Am I a writer? Well, I hope so. I find so much joy from writing.
Or do I?
Is the joy from writing, or is the joy from putting a title ‘writer’ above my head? I really am not sure.
Some days get into the flow as I write. But another day, my mind went somewhere else as I sit to write.
I tried learning the craft from great writers — S. King, P. Coelho, N. Gaiman. Everyone seems to possess the same trait: beyond writing, they love to read for the sake of reading.
Me? I show people that I read a lot. But the universe knows very well that I don’t. I don’t read to immerse myself in the writers’ world. I read to survive.

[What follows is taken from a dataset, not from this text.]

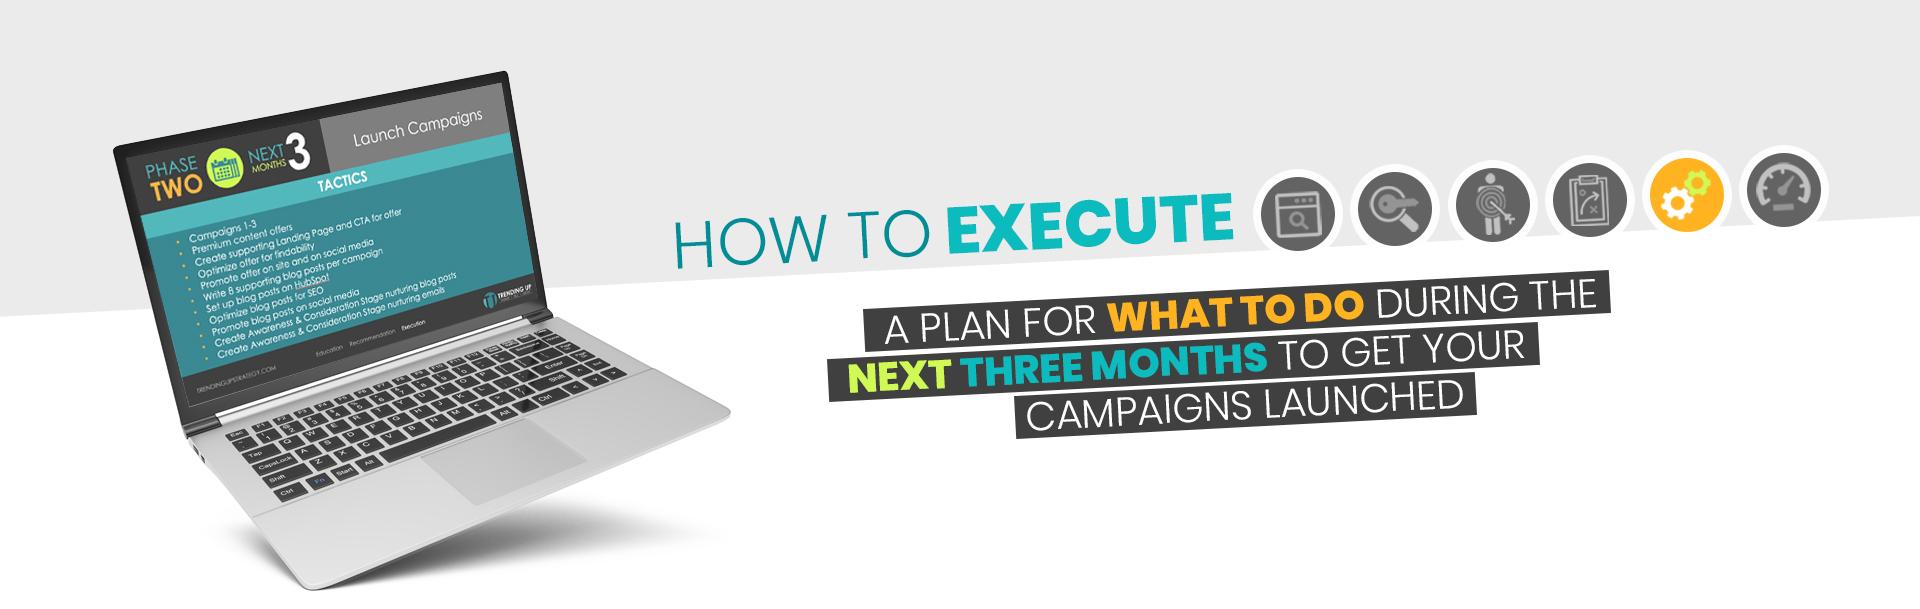 Execute - Next 3

I read books so I can sit comfortably in the upcoming exams — life trials. It fascinates me that there are people giving out the answer-sheets to the public, yet few grab them.
Writers are storytellers.
And I tell the worst of stories. I get nervous every time the spotlight shines on me. And I’m cursed with the consciousness of the microexpressions of people every time I talk. Or is it a blessing? I really don’t know.
Phew glad that worked, my heart speaks every time a punchline hits.
My heart speaks every time I’m by myself in the bathroom or kitchen — Am I really a writer or am I forcing myself to be one? For if I am a writer I would’ve started writing ten years earlier. And I would enjoy reading for its own sake.
Neil Gaiman said something I can’t forget, “[…] I didn’t have anything to say. It’s not because I haven’t lived. But it was because I wasn’t prepared to say anything true about who I was.”
Am I a writer? Maybe. Maybe not. Maybe I will be. When I’m ready to strip off naked. Revealing who I truly am. Or who I truly was.